Thanks, Neil. Turning now to slide 11 to conclude today's presentation. As I stated in my opening remarks, our near-term focus is on growing production, reducing costs, and enhancing the resilience of the balance sheet, and we're making good progress in all three areas. As we look beyond the near-term, there's significant scope to add long-term value for our investors through high-quality production and development opportunities across the portfolio. On GTA, we're the first phase now, fully operational. We are focusing our efforts towards reducing costs and doubling production to further drive down unit costs through advancing the low-cost brownfield expansion that leverages the existing infrastructure. In Ghana, Jubilee is a big midlife field with significant reserves yet to be produced, which can be accessed by consistent drilling enabled by new technology and the license extension. In the Gulf of America, a proven basin with significant running room, we continue to advance an attractive portfolio of infrastructure-led exploration and development options in the outboard Wilcox and Norfolk trends that leverage Cosmos' capability. In an equatorial Guinea, our assets should deliver cash flow as we selectively invest in production optimization opportunities. So in summary, Cosmos has a diverse, differentiated portfolio with two pre-reserves to production life of over 20 years, with considerable discovered resource beyond that. The conversion of this discovered resource into high-value reserves and then into production will be done at the right pace in a capital-efficient manner, prioritizing cash flow and the balance sheet in the near term. We look forward to delivering on these near-term objectives which will support long-term value creation for our investors. Thank you. And I'd now like to turn the call over to the operator to open the session for questions.

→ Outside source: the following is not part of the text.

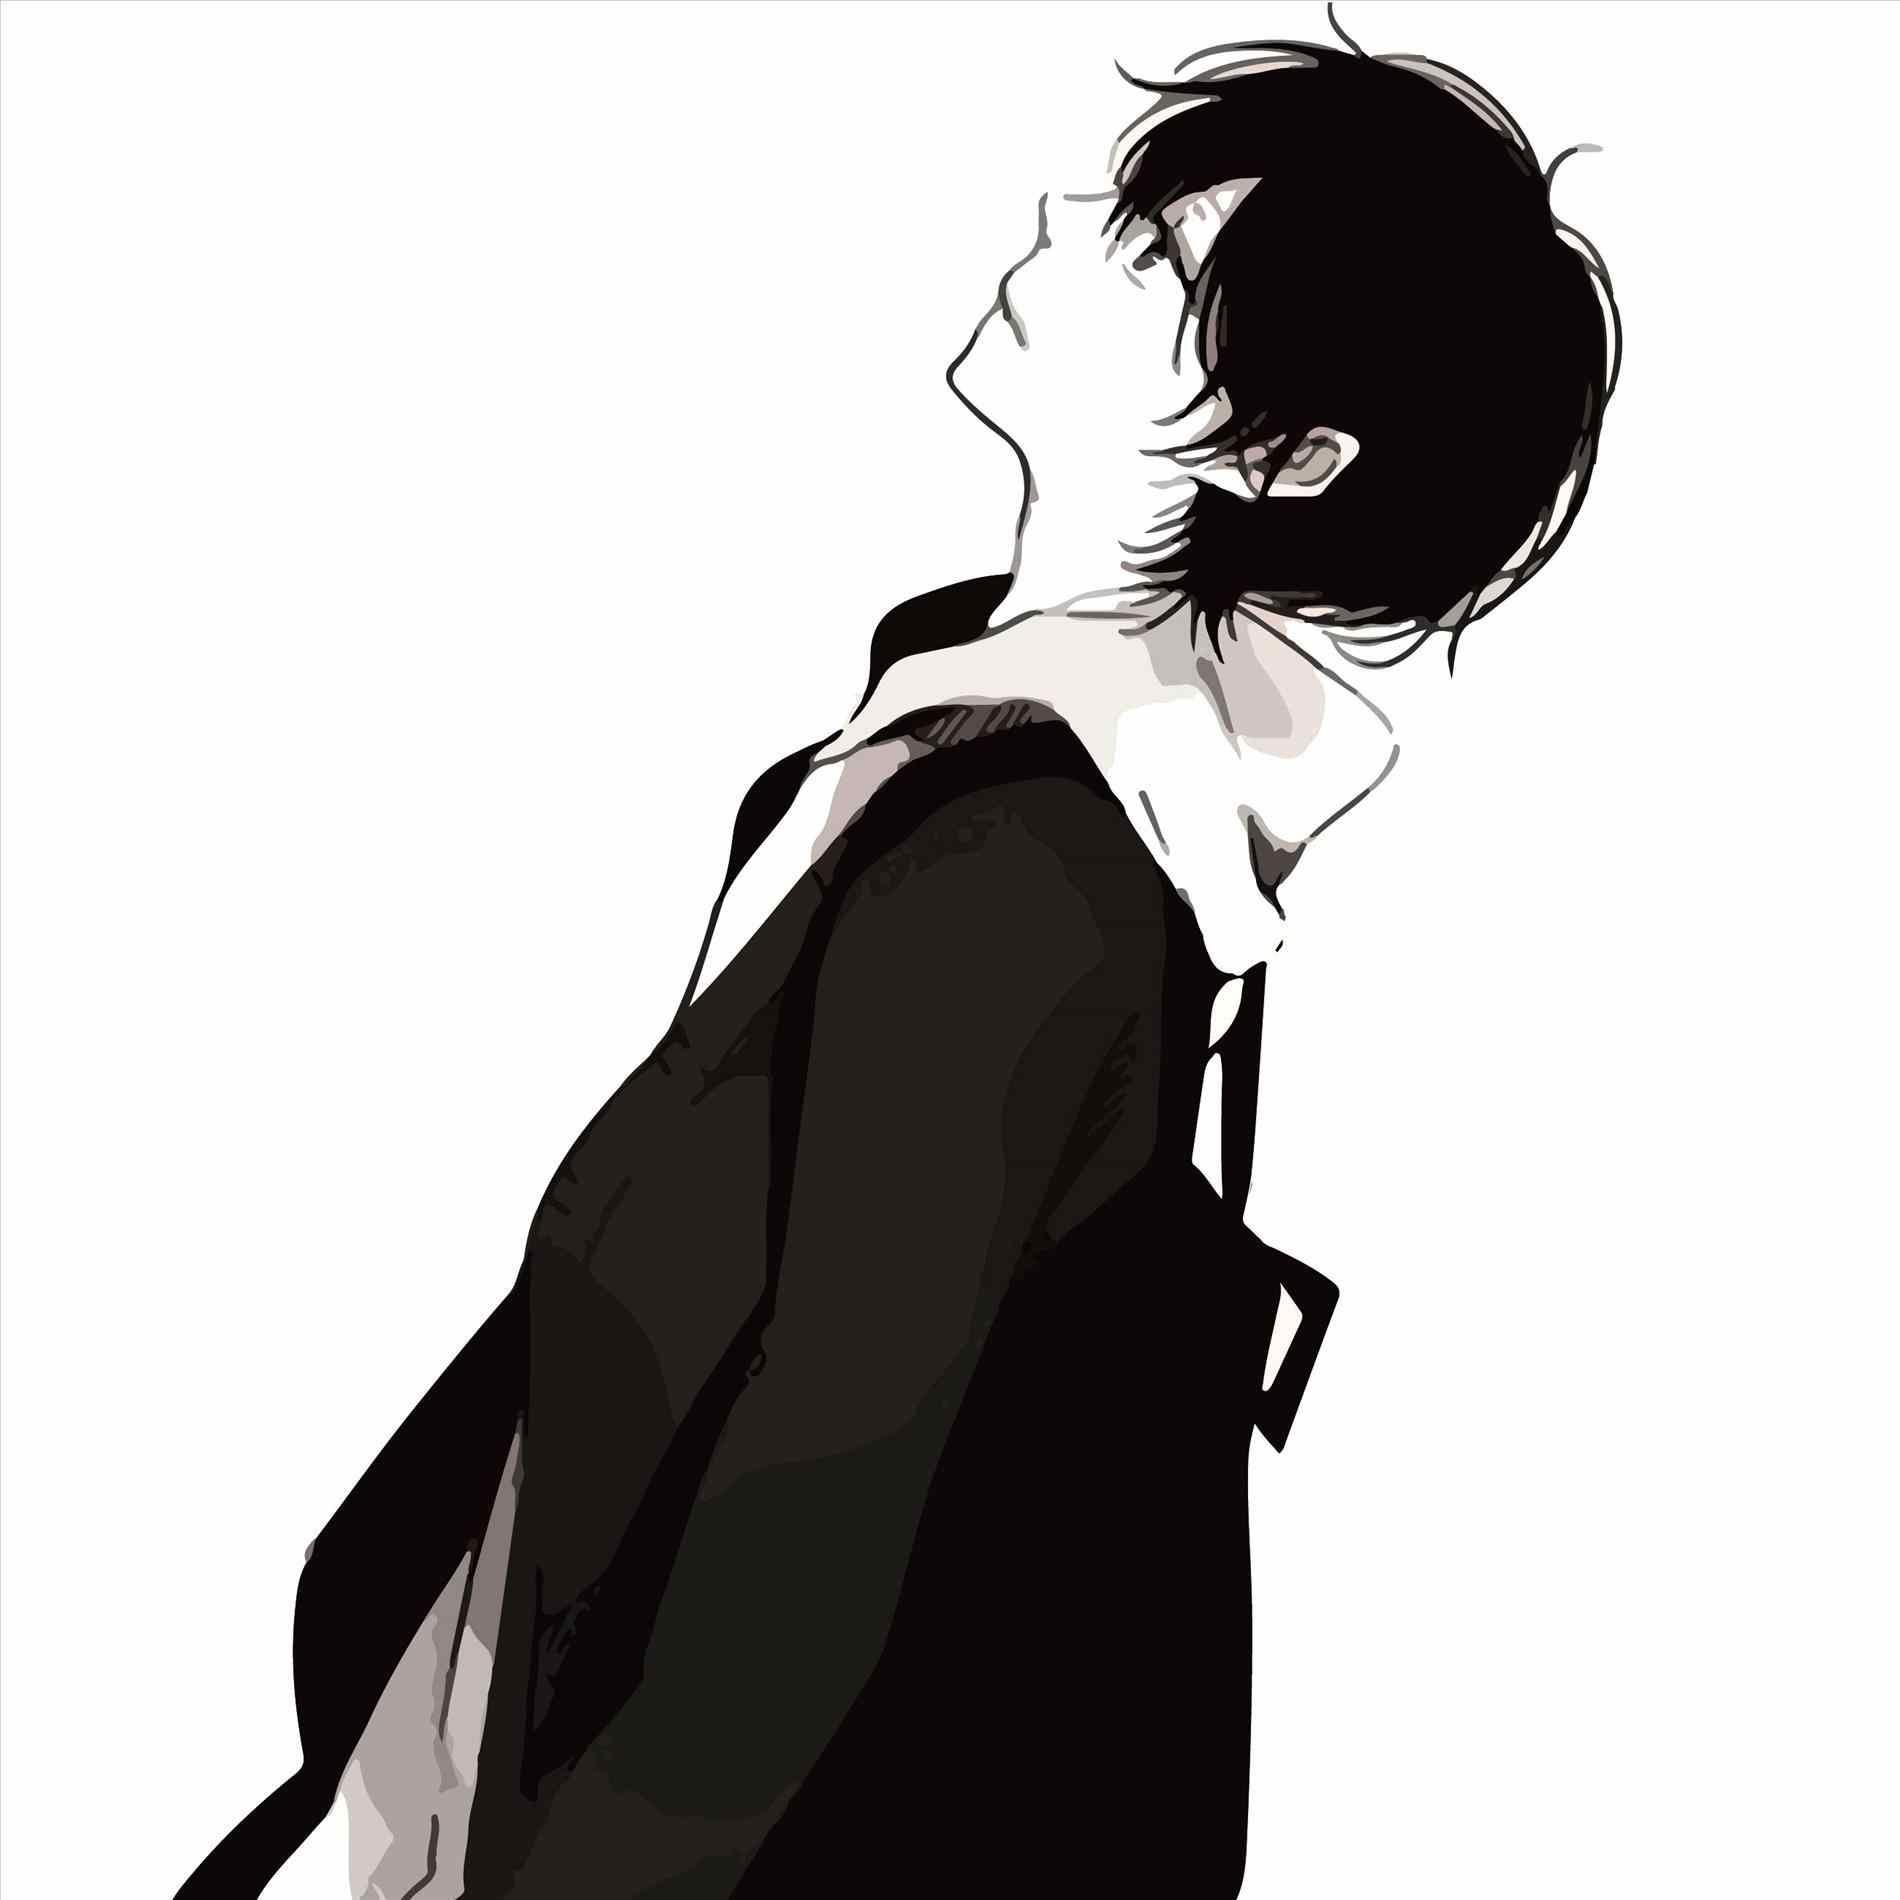 Boy anime cartoon sad face drawing images girl hd wallpaper girl
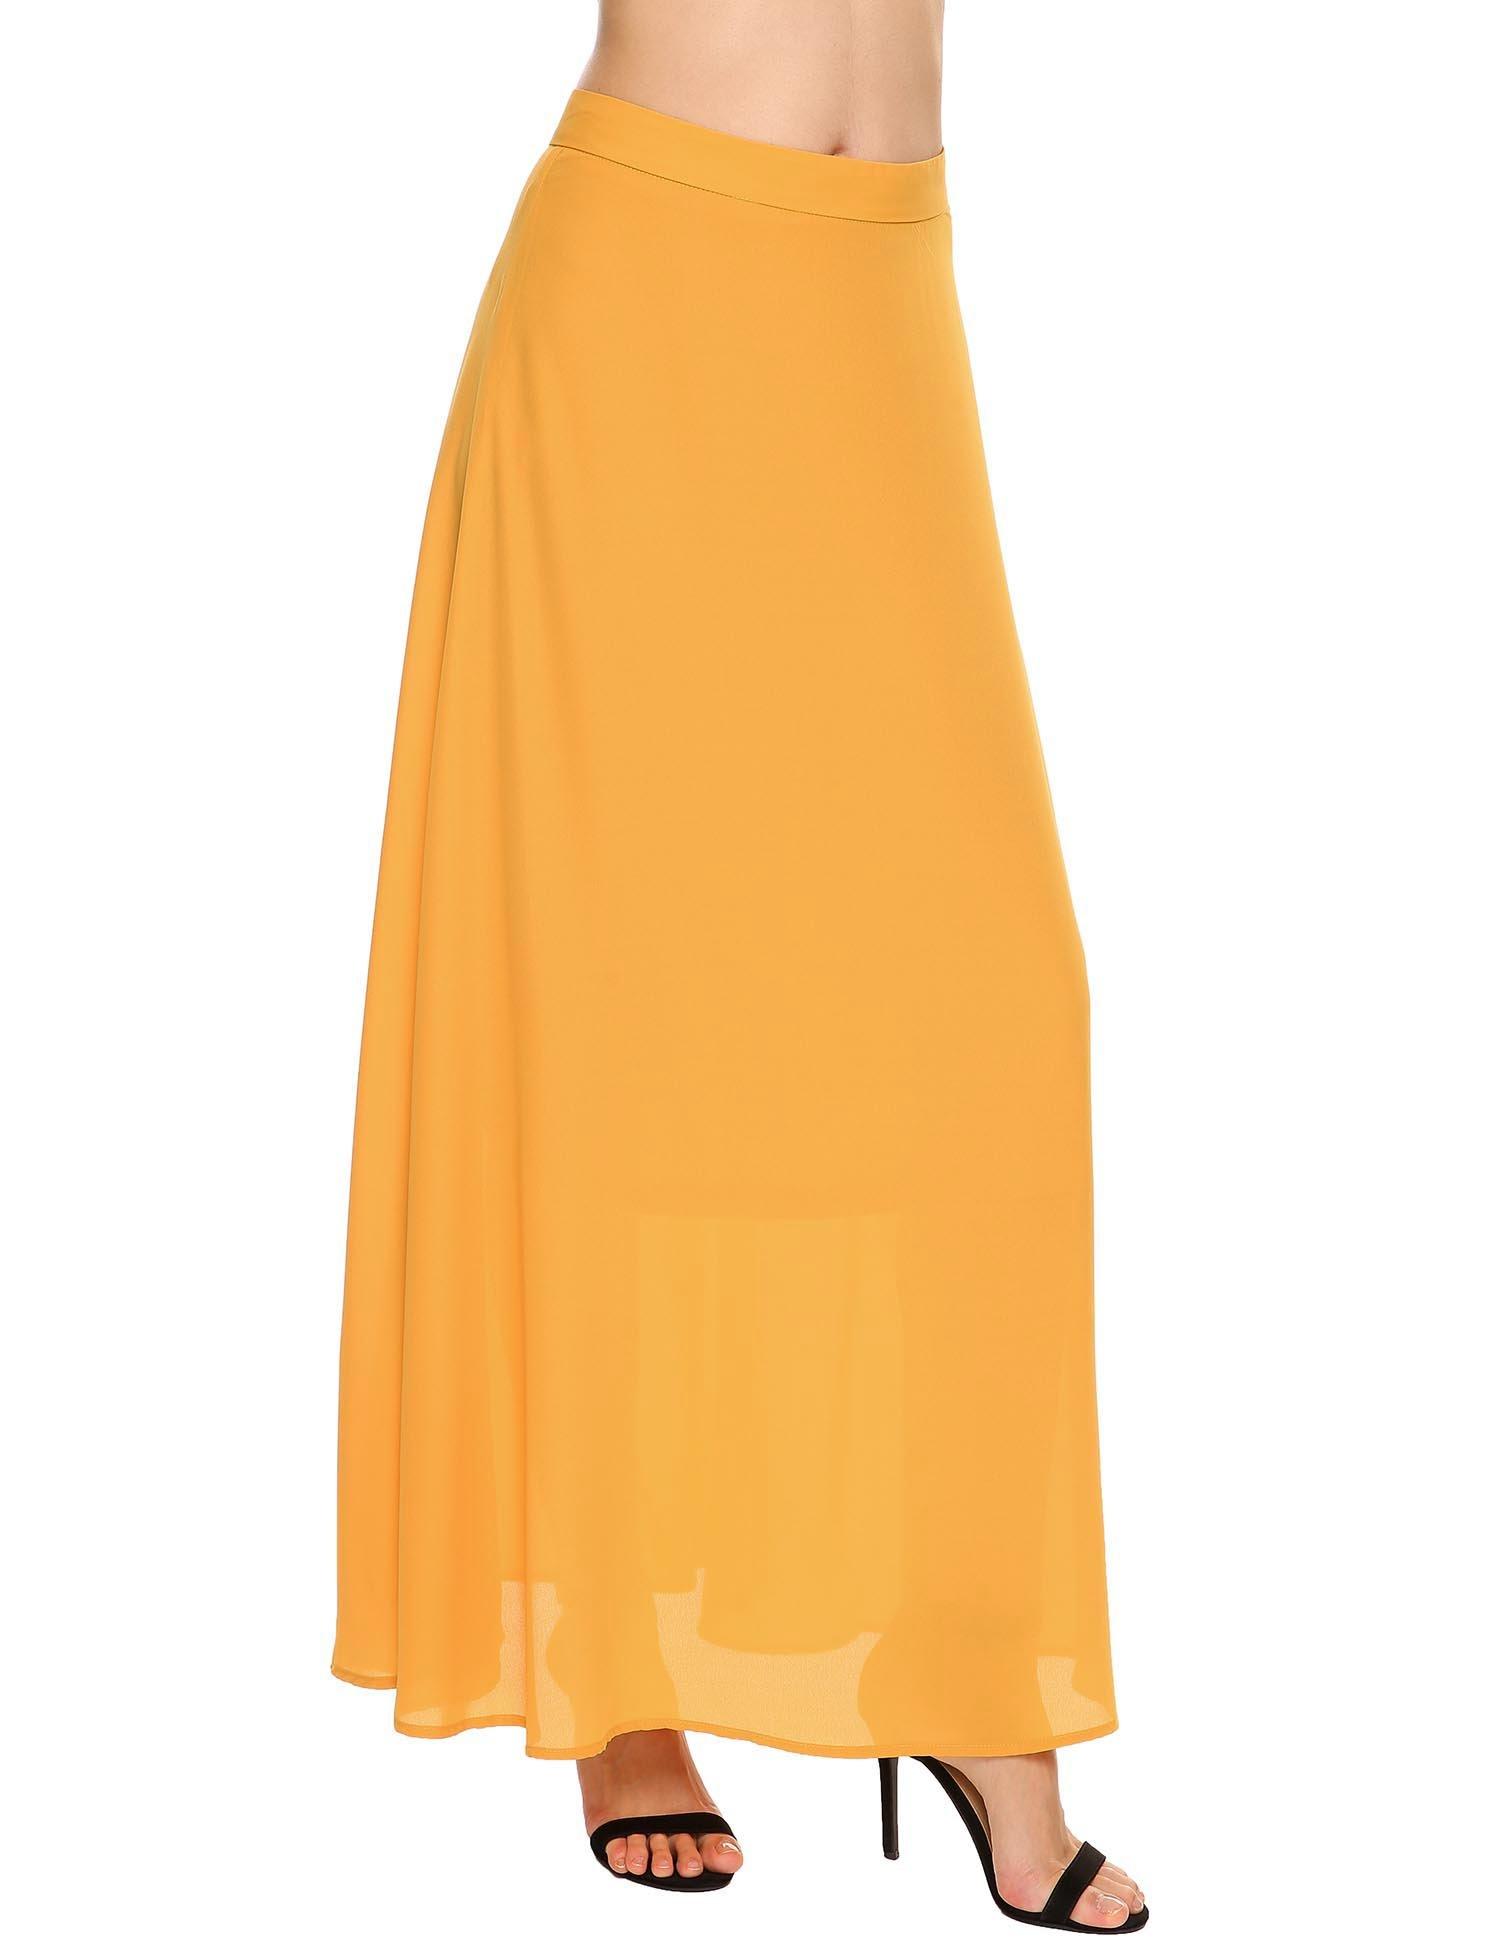 Chigant Women Classic Chiffon Maxi Long Skirt Ankle Length Beach Skirt(Not Elastic Waist), Yellow, M

Thank you. If you would like to ask a question, please press star 1 on your telephone keypad. A confirmation tone will indicate your line is in the question queue. You may press star 2 if you would like to remove your question from the queue. For participants using speaker equipment, it may be necessary... to pick up your handset before pressing the star keys. Our first question is from Charles Mead with Johnson Rice. Please proceed.
Good morning, Andy. Good morning, Neil, and to your whole team there. Andy, I want to ask a question about Jubilee. You've given us a lot of great detail here, and I love all the technical detail. But looking at the story from the top down, You mentioned that in the first half of 24, the field was producing over 100,000 barrels, and a year later, you're down to 55 or let's call it 60 adjusted for downtime. So that 40% decline in a year strikes me as high, maybe anomalously high, but if I look at it from a different way and say, okay, well, you need to drill four new producers every year to keep the field flat, and if those producers come in like your latest one, maybe that 40% annual decline is the slope you're fighting every year. So I wonder if you could comment on whether that's a valid way of looking at it and what you'd add to that picture.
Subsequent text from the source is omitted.